Maria was shaken by the experience – we saw some real life today – but in a positive, even healing way.
This is why we are here, this is why we are not living in a split-level somewhere settling in to watch our favorite TV show. There is nothing wrong with that, we each make our own choices, but this is why we both are here, to live a real life in the very real world. Nature is the greatest teacher of all, we sat with a small thing, the birth of a lamb, but it speaks to big things – life, choices, decisions, death, risk and the natural world. I feel a great responsibility when it comes to animals, the decisions we make or fail to make can cost a life, or two.

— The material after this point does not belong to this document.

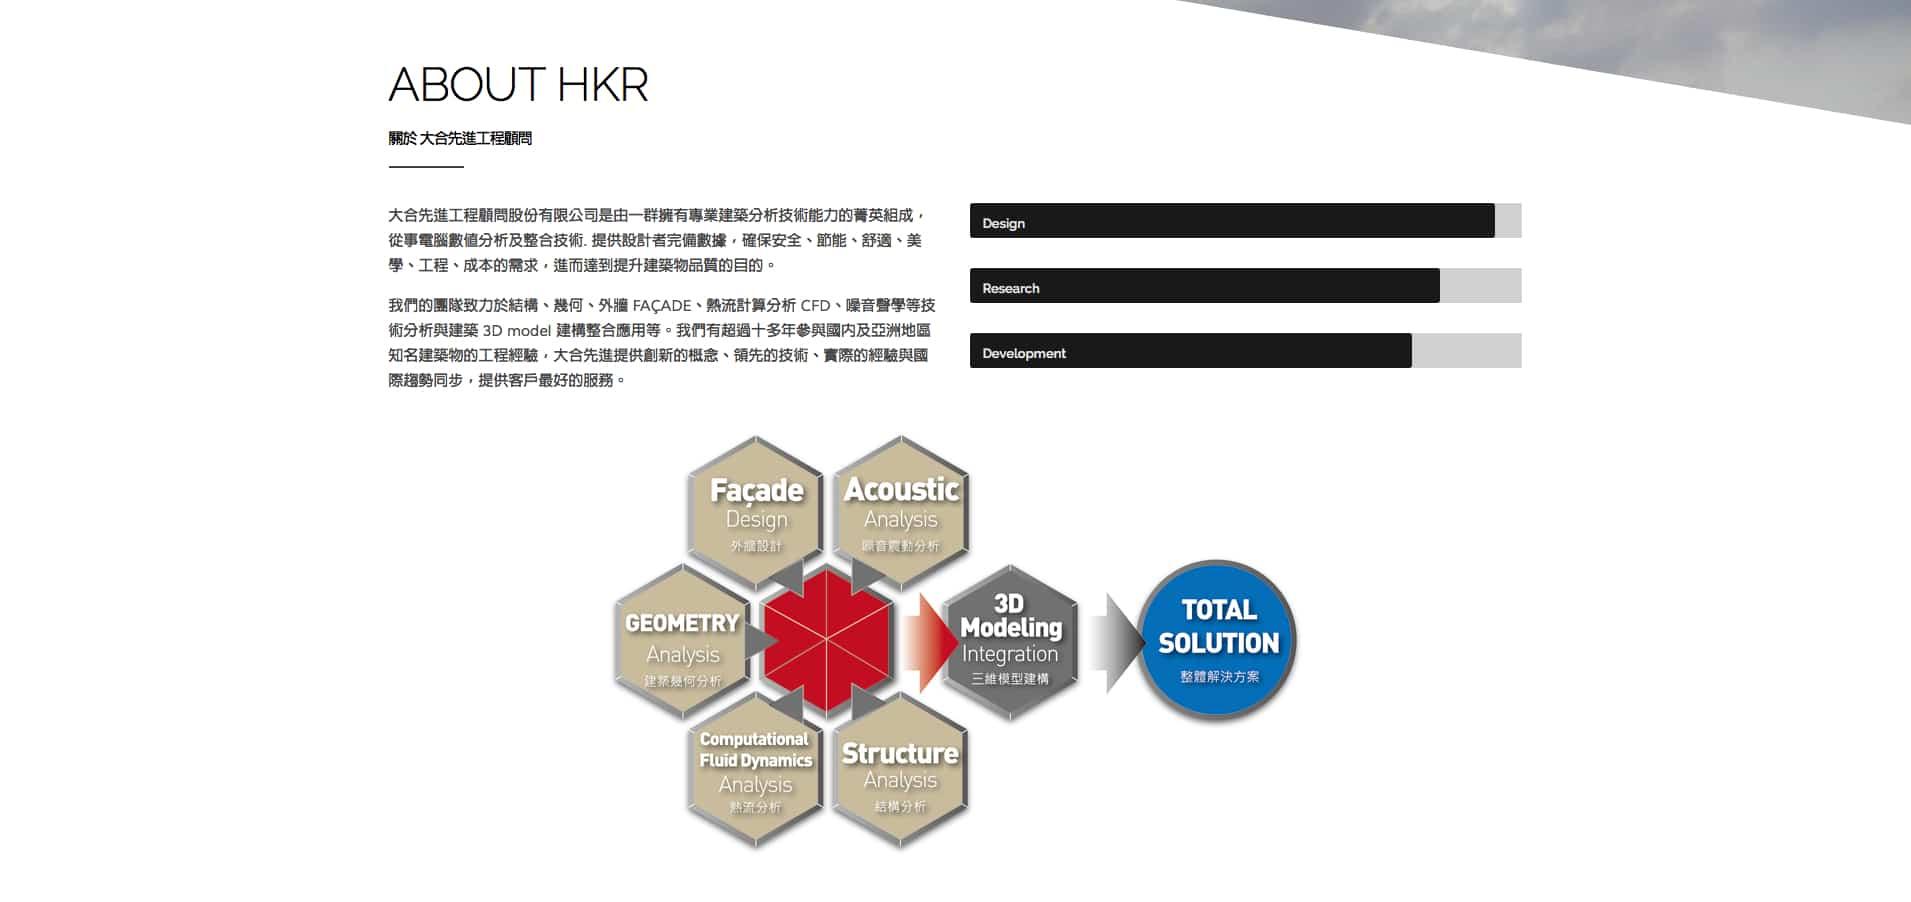 HKR-web-05
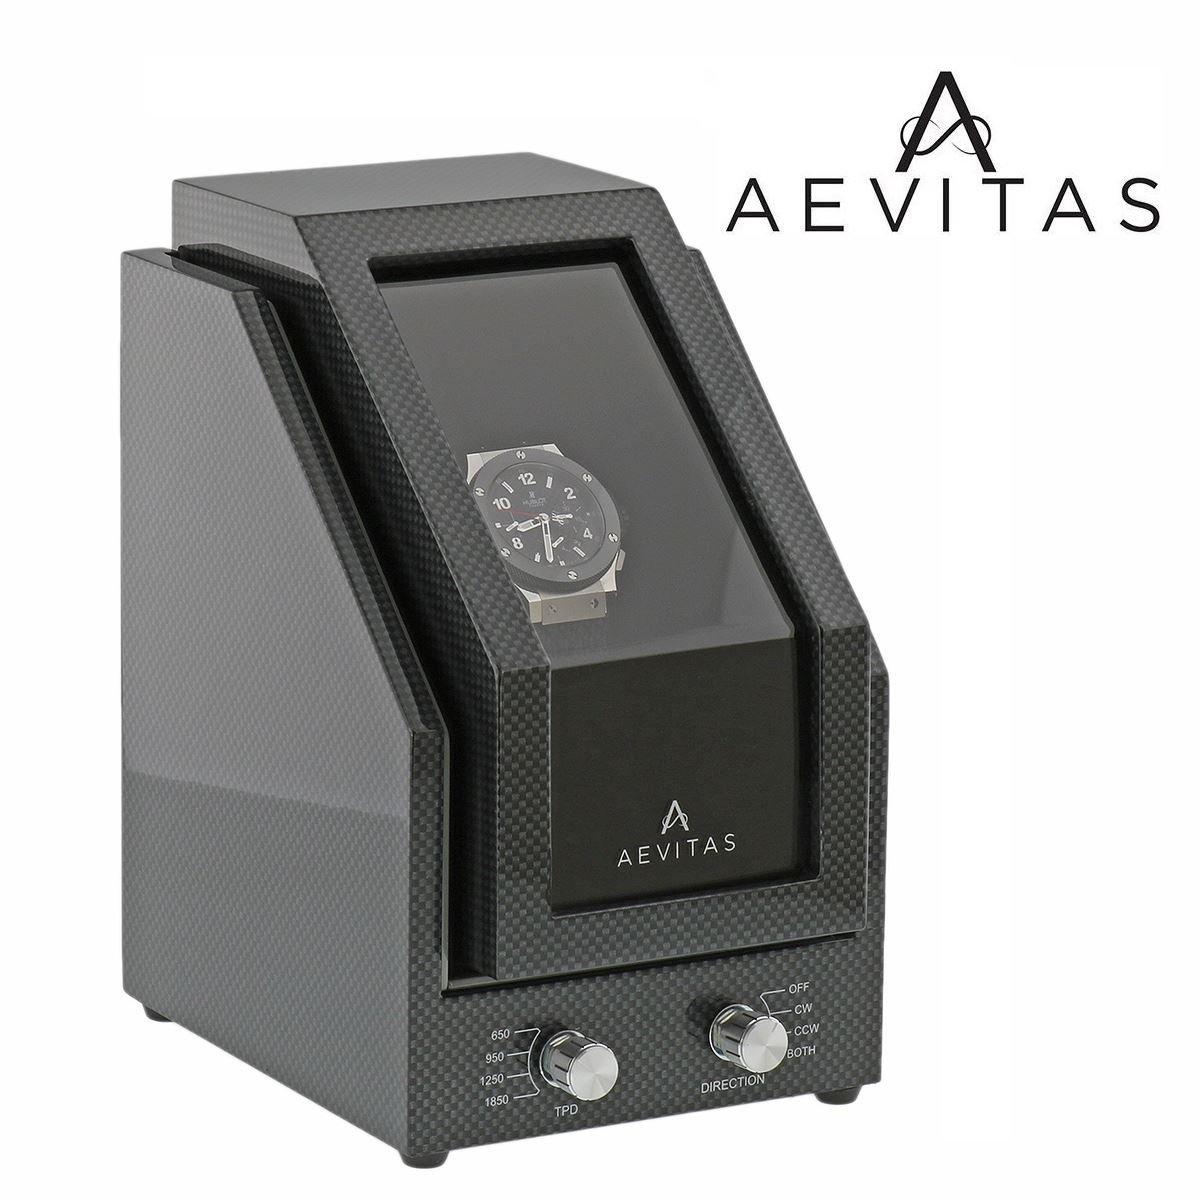 Brand New Watch Winder for 1 Watch Carbon Fibre Finish Black Velvet interior Premier Range by Aevitas

It felt like we were on that fault line today. The world does not care much of a ewe or a lamb lives or dies, there is no such thing as a no-kill farm, on the scale of things it does not matter. In our universe it is about our own strength our own commitment to living in the world in a certain way, in a responsible and compassionate way, in a way that is free and creative.
I felt today was a big day for us, for us as a couple. I knew lambing would be important. As Maria prepared to set out for Gee’s Bend Alabama, she has triumphed over a very powerful experience, and I have put the things I have learned living here to good use. I am relived our second lamb – as yet unnamed – is doing better, I am confident he will be okay.
We were grateful all day to be in the company of new and loving friends. They were all around us. New for both of us.
Today was a small day in the scheme of things, a good day for me and for Maria.